92 Views Asked by At

I am trying to create an histogram where I can assign a different bin sizes to the data depending on whether they lie in the head or the tail of the distribution.

I tried to create the following function my_f to use as the input to the argument breaks=, but it is not working. Here's my code, along with the error I get.

x <- rnorm(1000, 10, 275)
my_f <- function(x){
  loc <- list(x[x < -500], x[x >= -500 & x <= 500], x[x > 500])
  dx <- c(5, 1, 5)
  breaks <- sapply(1:length(x), function(i) if(x[i] %in% loc[[1]])
     {seq(min(loc[[1]]), max(loc[[1]])+dx[1], dx[1])} else
       if(x[i] %in% loc[[2]]){seq(min(loc[[2]]), max(loc[[2]])+dx[2], dx[2])} else
         {seq(min(loc[[3]]), max(loc[[3]])+dx[3], dx[3])})
  return(breaks)
}

h <- hist(x, breaks = my_f)

Error in hist.default(x, breaks = my_f, plot = F) : 
  c("Invalid breakpoints produced by 'breaks(x)': 200.1702, 210.1702, ....

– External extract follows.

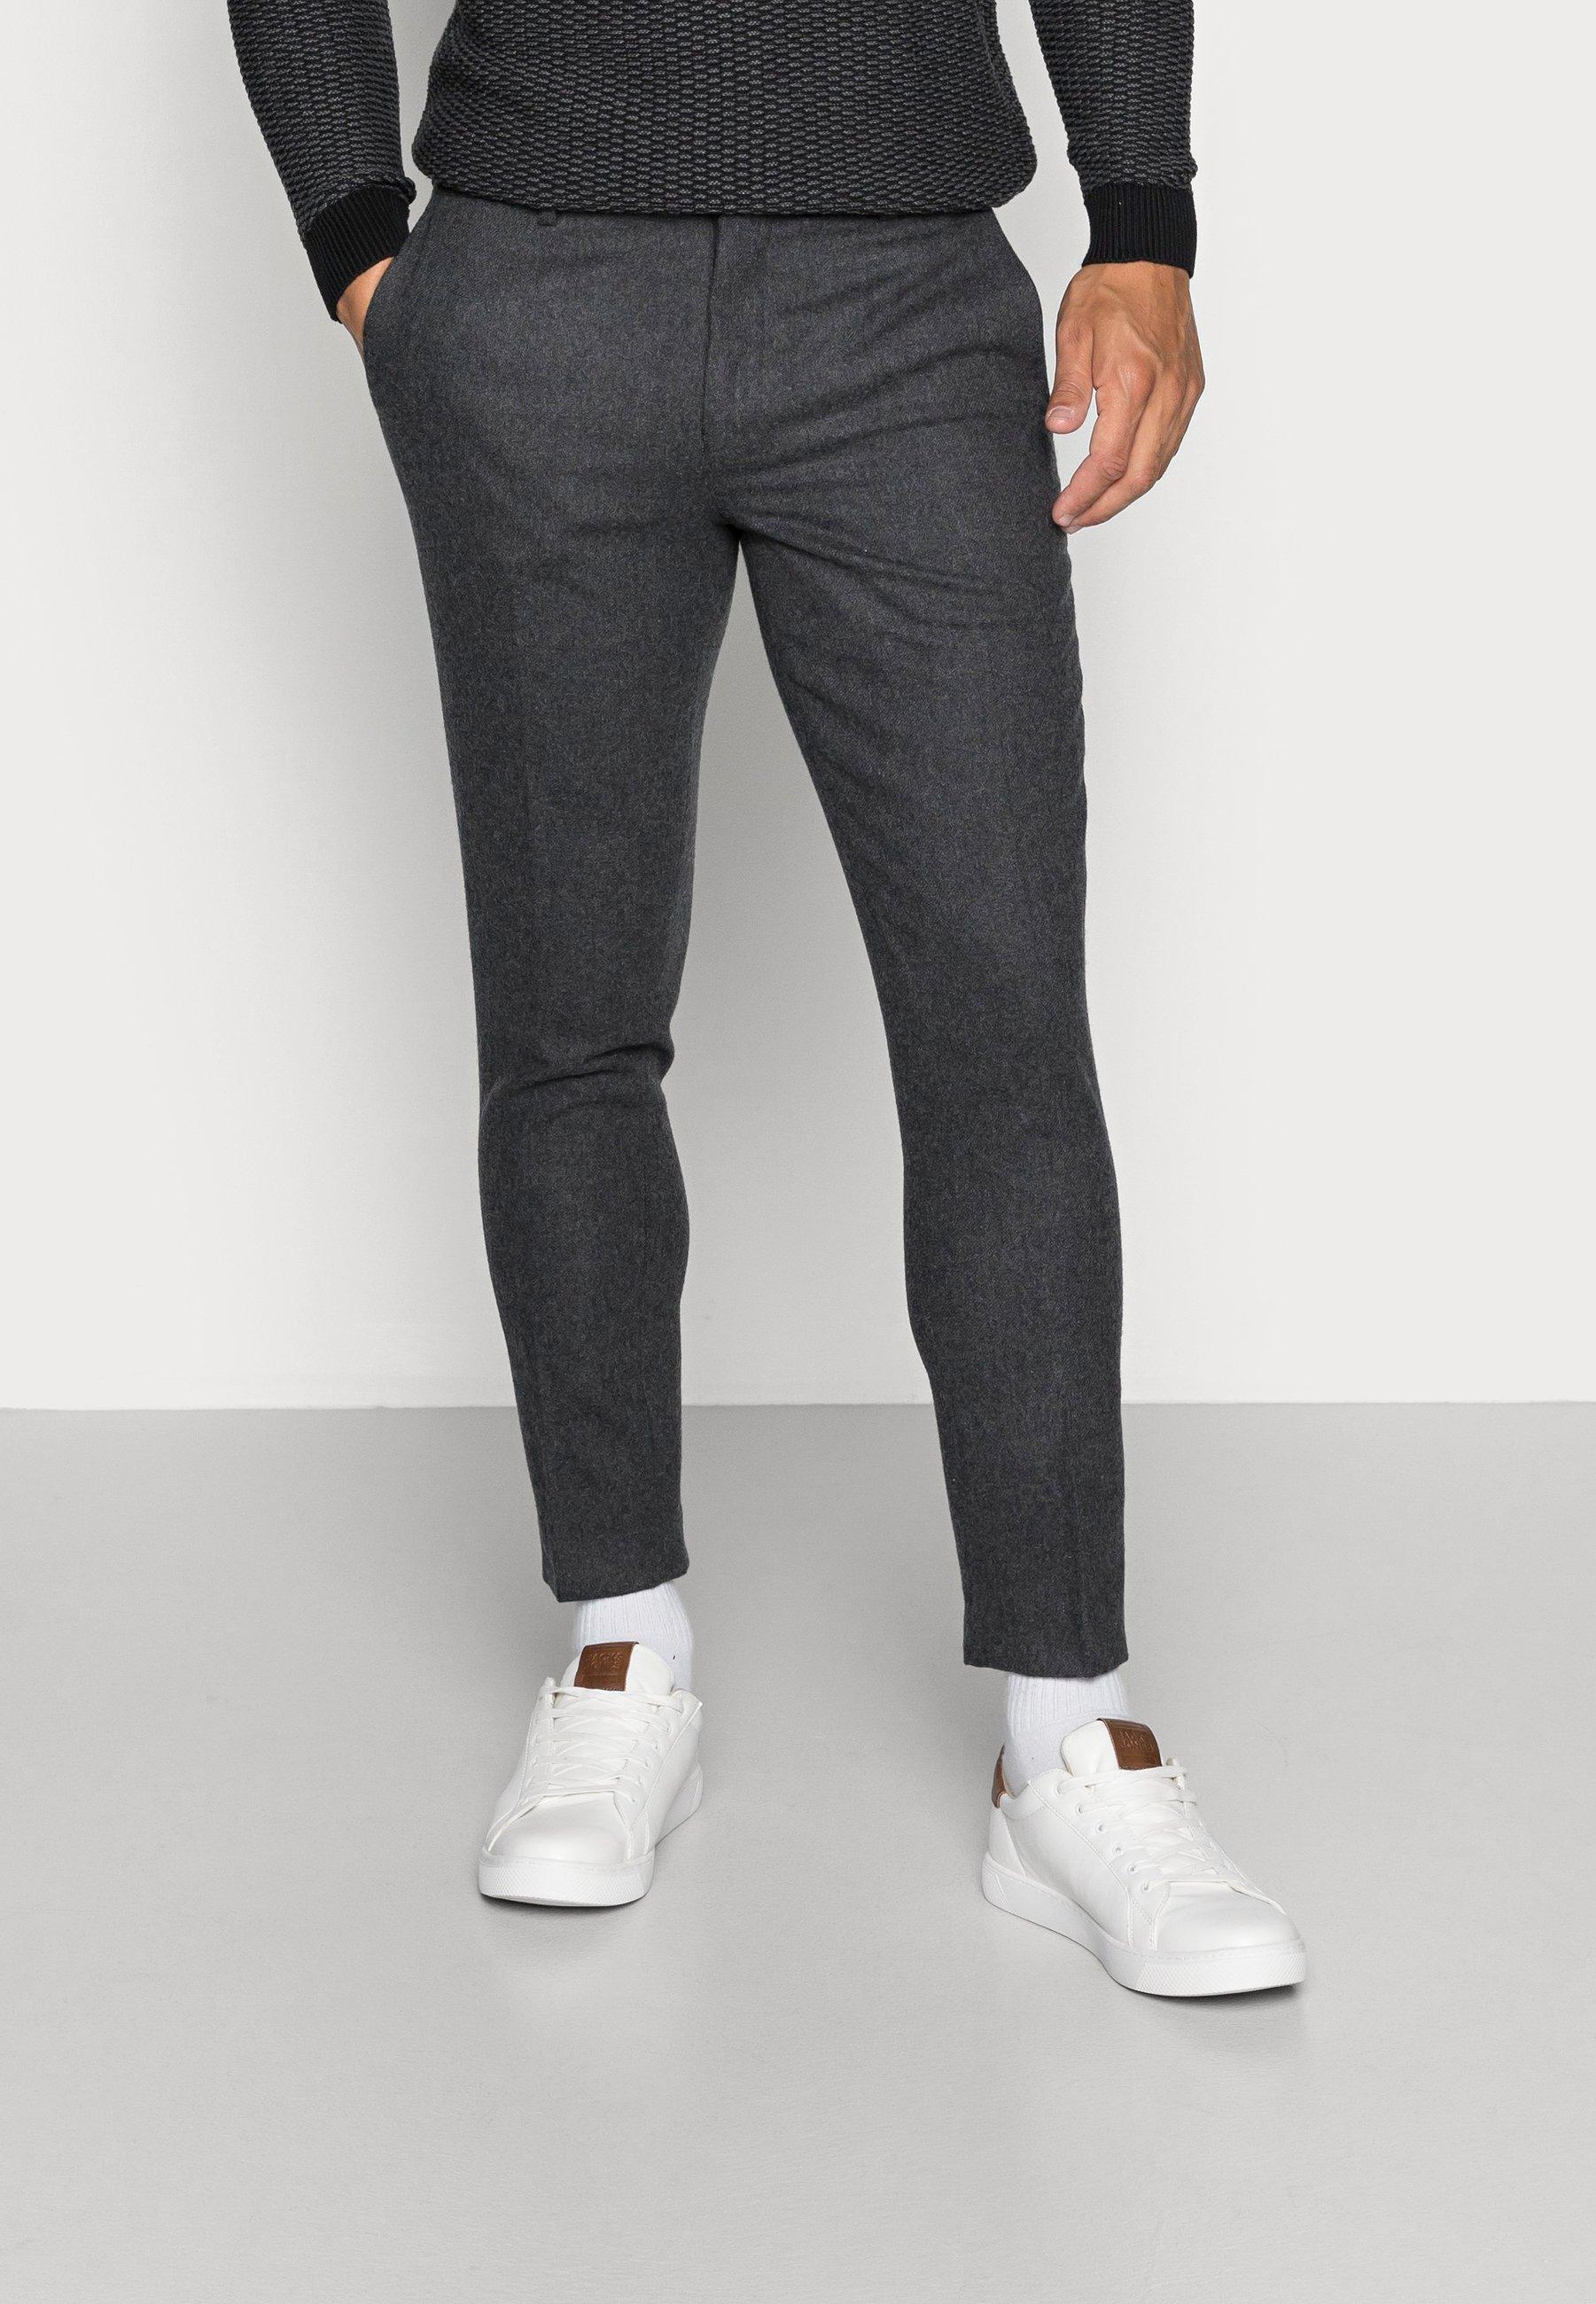 Uomo BEMBRIDGE TROUSER - Pantaloni

I also tried without the sapply function but I didn't get anynothing out of this. Any suggestion on how to solve/get around this issue?

1

There are 1 best solutions below

2
On BEST ANSWER

I believe you're thinking too complicated and what you want is this.

my_f2 <- function(x) {
  c(seq(min(x), max(x[x < -500]), 5),
    seq(-500, 500, 1), 
    seq(min(x[x > 500]), max(x), 5), 
    max(x))
}

set.seed(666)
x <- rnorm(1000, 10, 275)
hist(x, my_f2)

enter image description here

Note, however, that the last bin is somewhat dynamic, because max(x) isn't effectively included in seq(min(x[x > 500]), max(x), 5) and we therefore have to include it extra.